What Do Underwriters Do?

Here’s some Q&A with regard to the loan approval process: “What do underwriters do?”
Once you decide to apply for a home loan, your application will be submitted and sent along to a loan underwriter, who will determine if you’re a sound borrower.
The underwriter can approve, suspend, or decline your loan application; if the loan is suspended, you’ll need to supply additional information or documentation to move it to approved status.
If the loan is declined, you’ll more than likely need to apply elsewhere, with another bank or lender.
So how do underwriters determine the outcome of your mortgage application anyways?
Well, there are the three Cs of underwriting, otherwise known as credit reputation, capacity, and collateral.
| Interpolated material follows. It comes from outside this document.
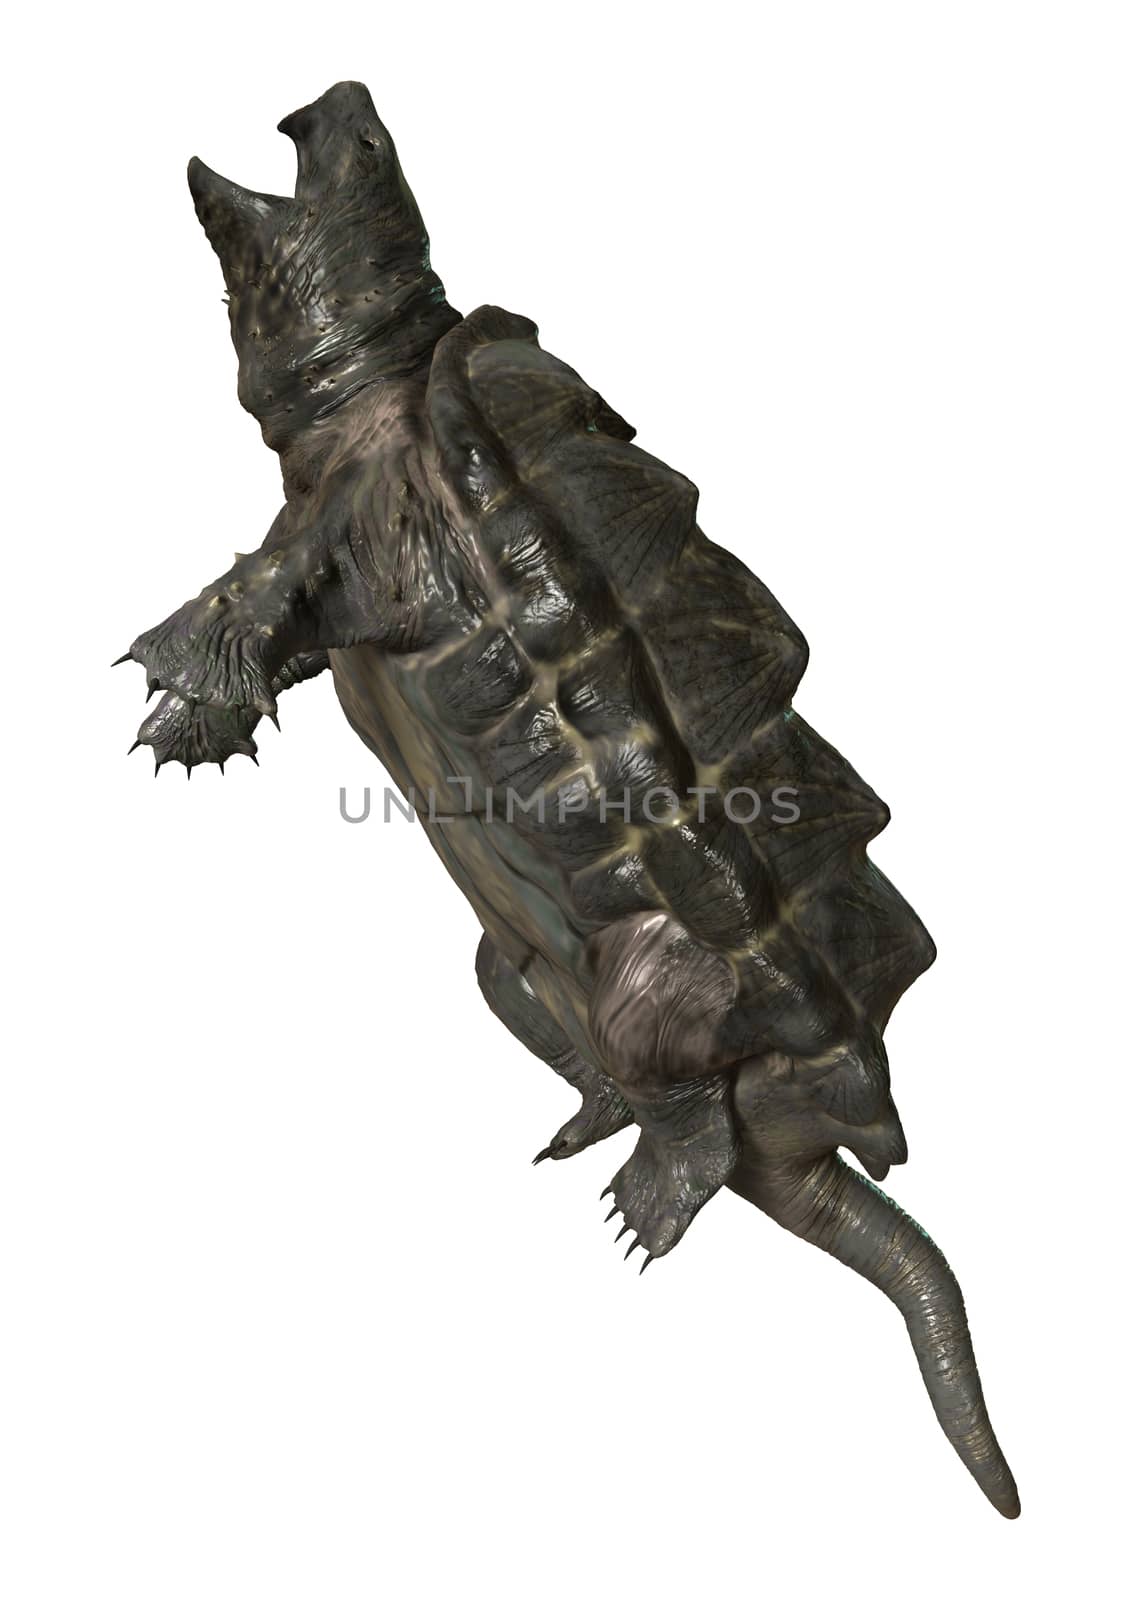 3D digital render of an alligator snapping turtle isolated on white background

Credit reputation has to do with your credit history, including past foreclosures, bankruptcies, judgments, and basically measures your willingness to pay your debts.
If you’ve had previous mortgage delinquencies or even non-housing related delinquencies, these will need to be taken into account.
Typically these items will be reflected in your three-digit credit score, which can actually eliminate you without any further underwriting necessary if you fall below a certain threshold.
Your history supporting significant amounts of debt is also important; if the most you’ve ever financed has been a plasma TV, the underwriter may think twice about approving your six-figure loan application.
Capacity deals with a borrower’s actual ability to repay a loan, using things like debt-to-income ratio, salary, cash reserves, loan product and more.
This covers whether the loan is interest-only, an adjustable-rate mortgage or fixed, cash-out refinance or simply rate and term.
The underwriter wants to know that you can repay the mortgage you’re applying for before granting approval.
Finally, collateral deals with the borrower’s down payment, property type, and property use, as the lender will be stuck with the home if the borrower fails to make timely payments.
Now it’s important to understand that the three C’s are not independent of one another.
All three must be considered simultaneously to understand the level of layered risk that could be present in said application.
For example, if the borrower has a less-than-stellar credit score, limited asset reserves, and a minimal down payment, the risk layering could be deemed excessive, leading to denial.
This is the underwriter’s discretion, and can certainly be subjective based on other factors like job type, how long the borrower has been in the job, why the credit score is less than perfect, and so on.
The underwriter must decide, based on all the criteria, if the borrower is an acceptable risk for the lender, and if the end product can be resold without difficulty to investors.